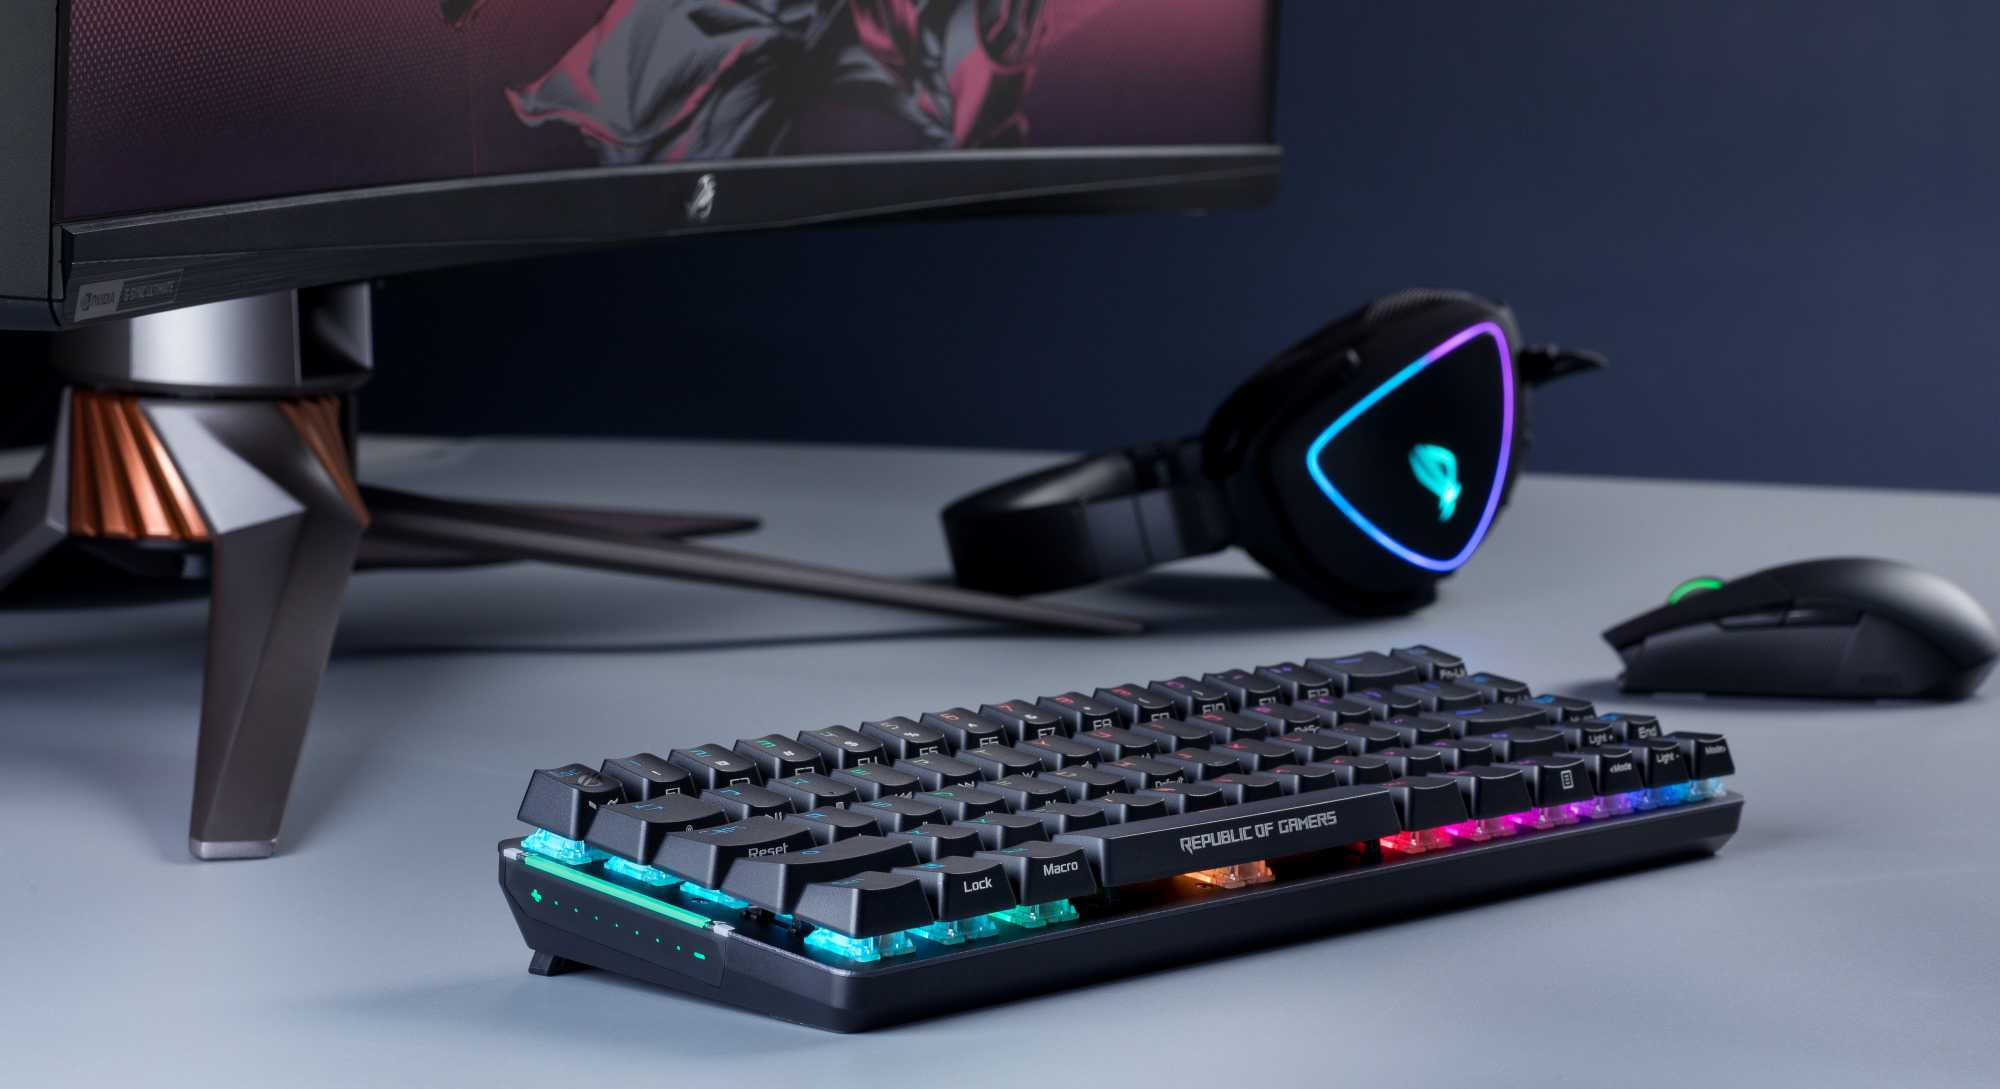 Hands-on: The ROG Falchion gaming keyboard is compact without compromise
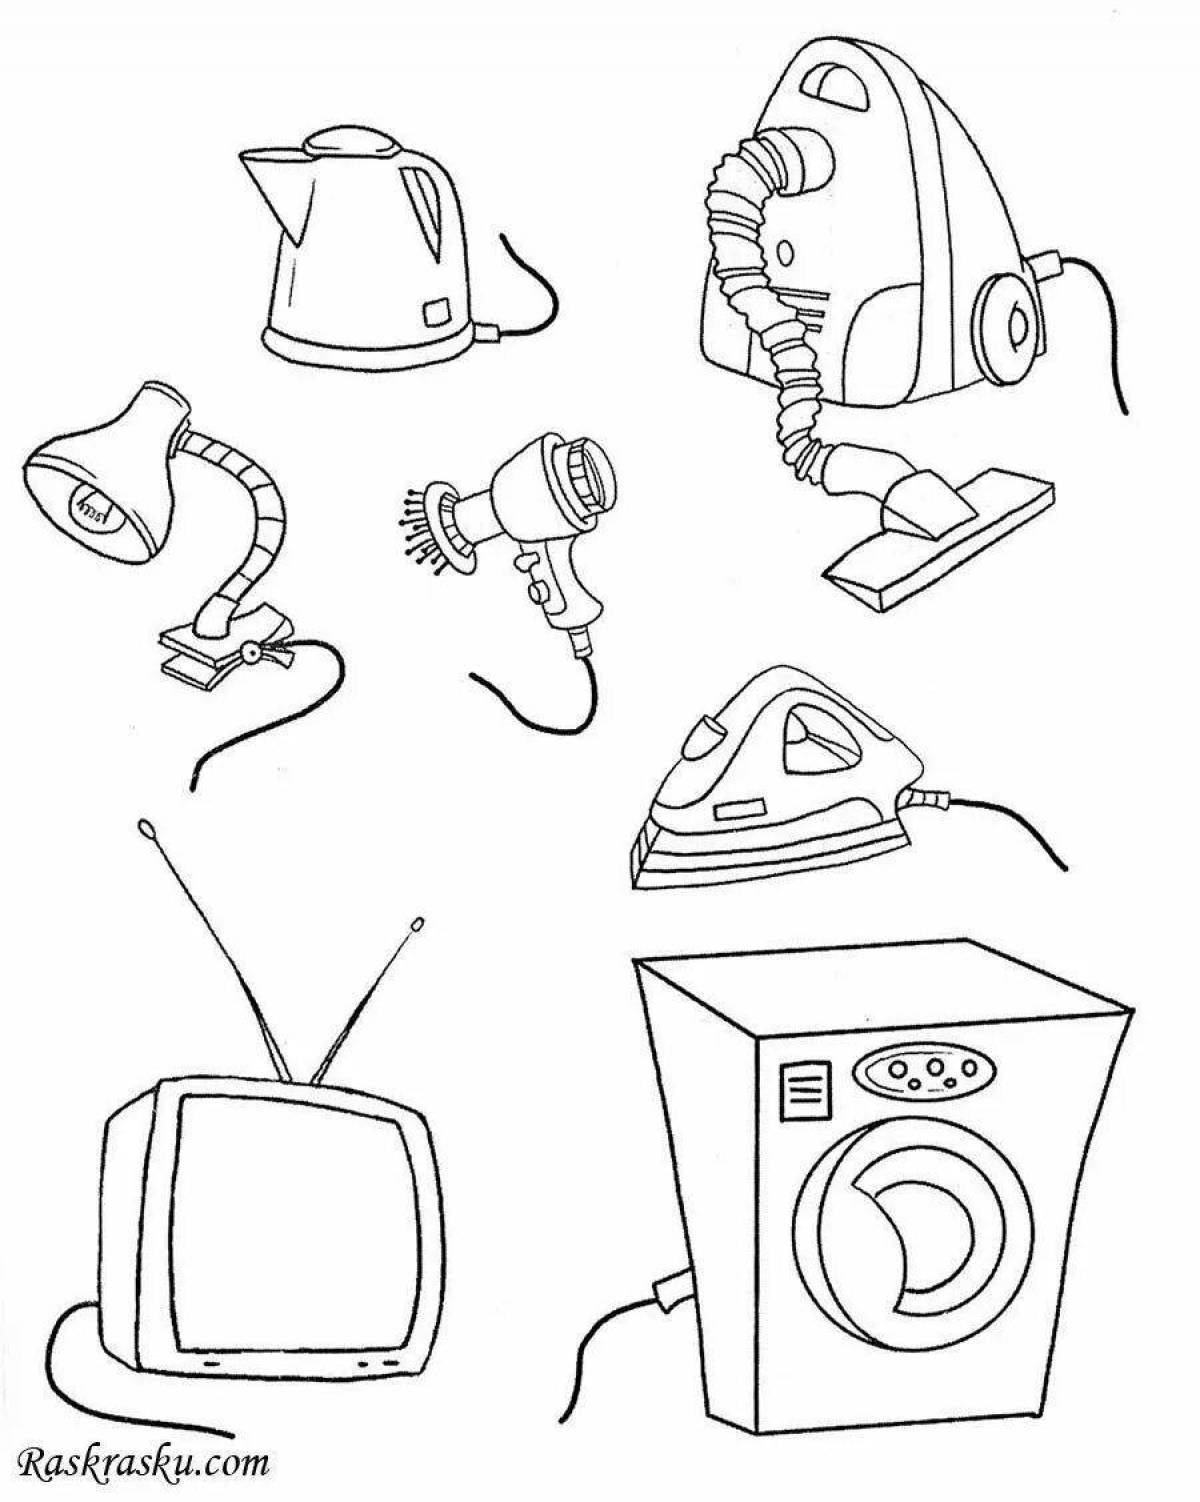 Bright household appliances coloring book for teens
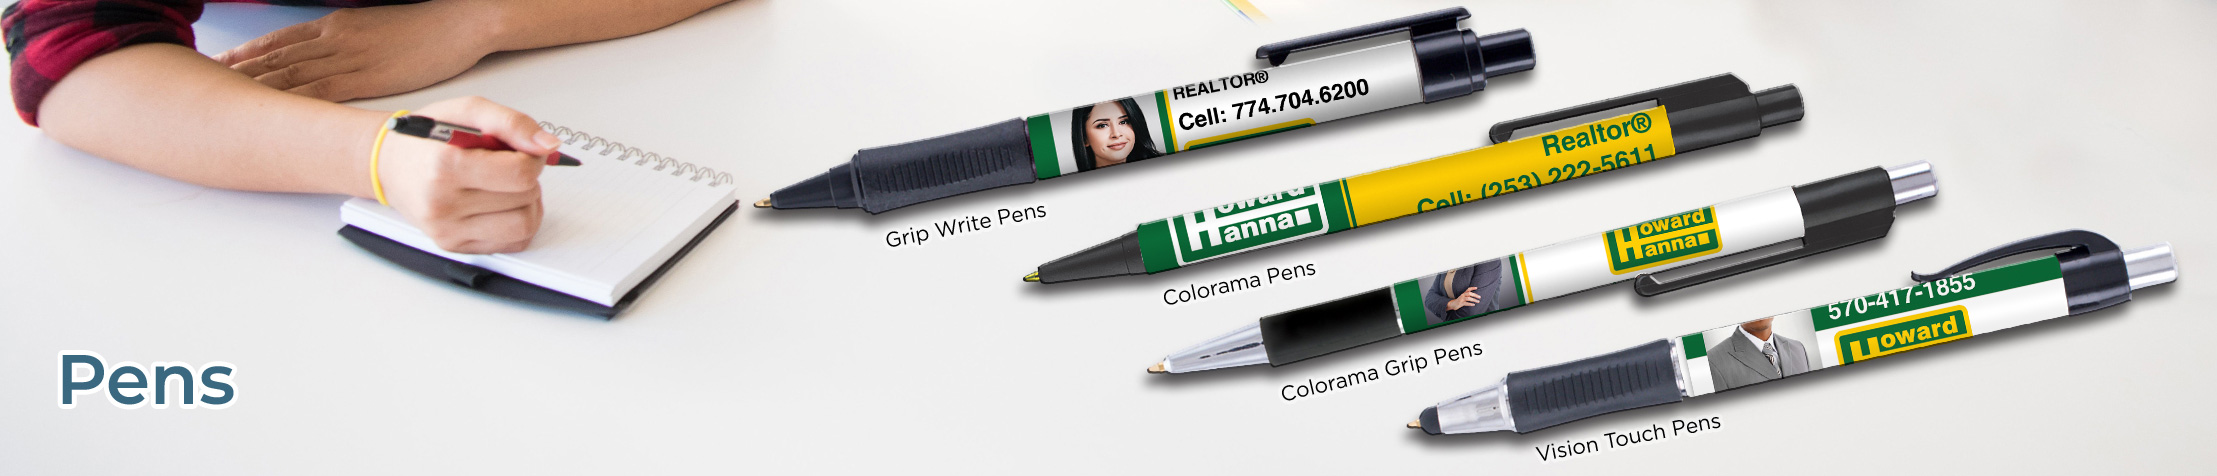 Howard Hanna Real Estate Personalized Pens - promotional products: Grip Write Pens, Colorama Pens, Vision Touch Pens, and Colorama Grip Pens | BestPrintBuy.com
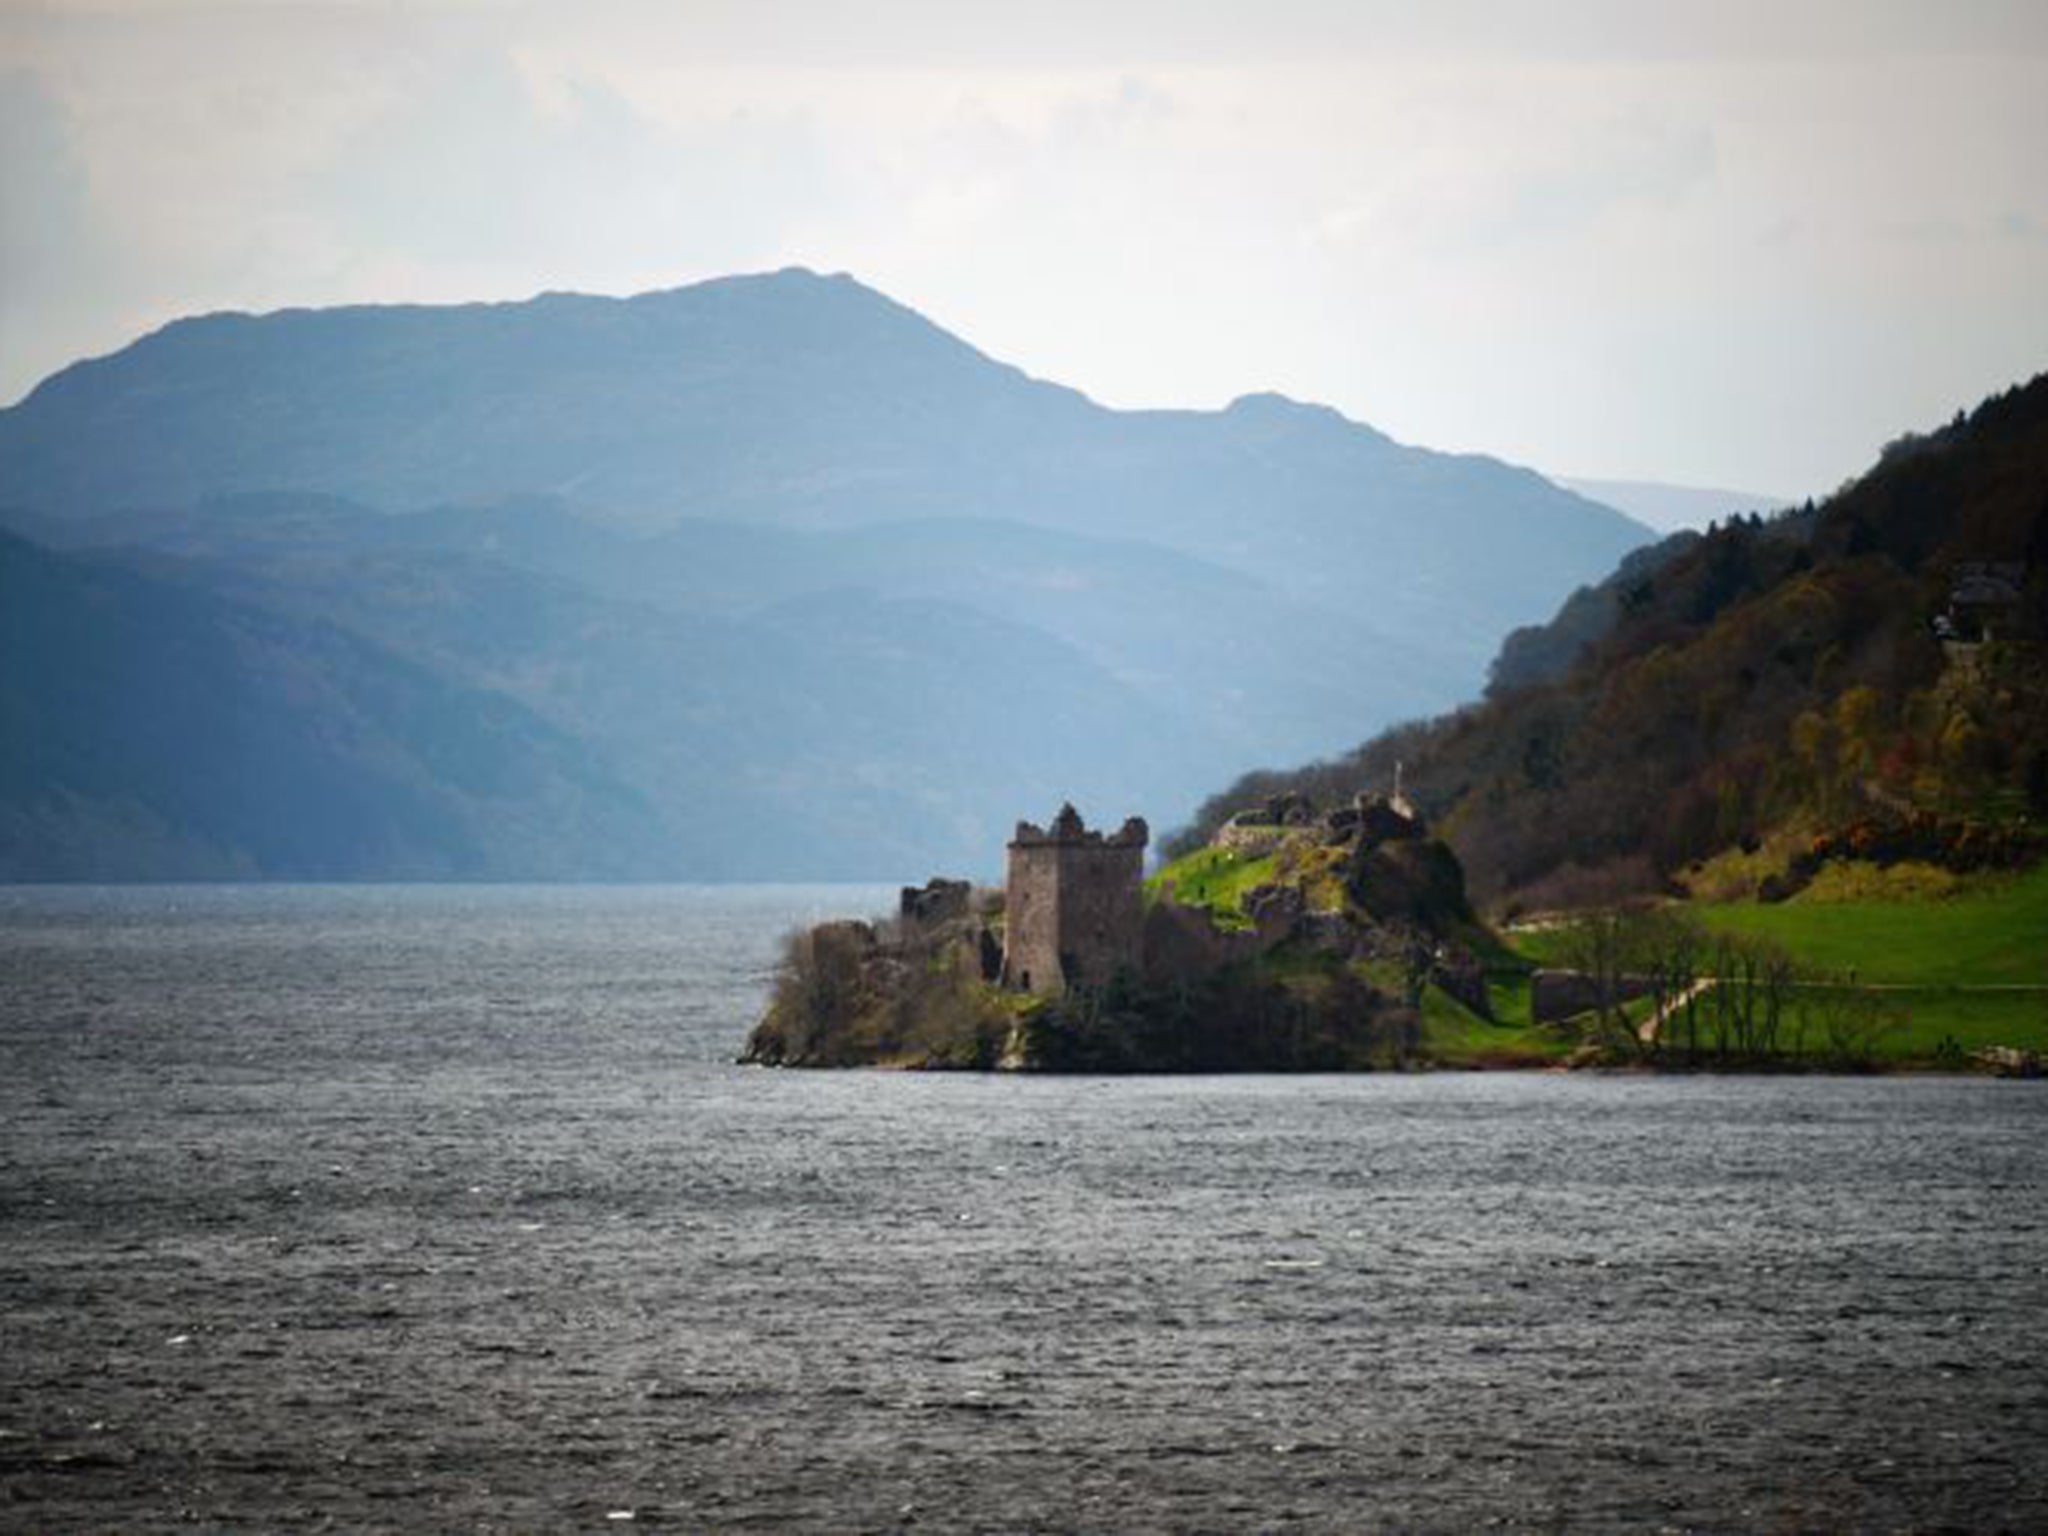 Loch Ness has been put at the heart of a £2m promotional drive launched by Visit Britain
::::
__Directions__: Aside from the pictures, repeat the listing exactly.

__Result__:
 Hands-on: The ROG Falchion gaming keyboard is compact without compromise
 Bright household appliances coloring book for teens
 Howard Hanna Real Estate Personalized Pens - promotional products: Grip Write Pens, Colorama Pens, Vision Touch Pens, and Colorama Grip Pens | BestPrintBuy.com
 Loch Ness has been put at the heart of a £2m promotional drive launched by Visit Britain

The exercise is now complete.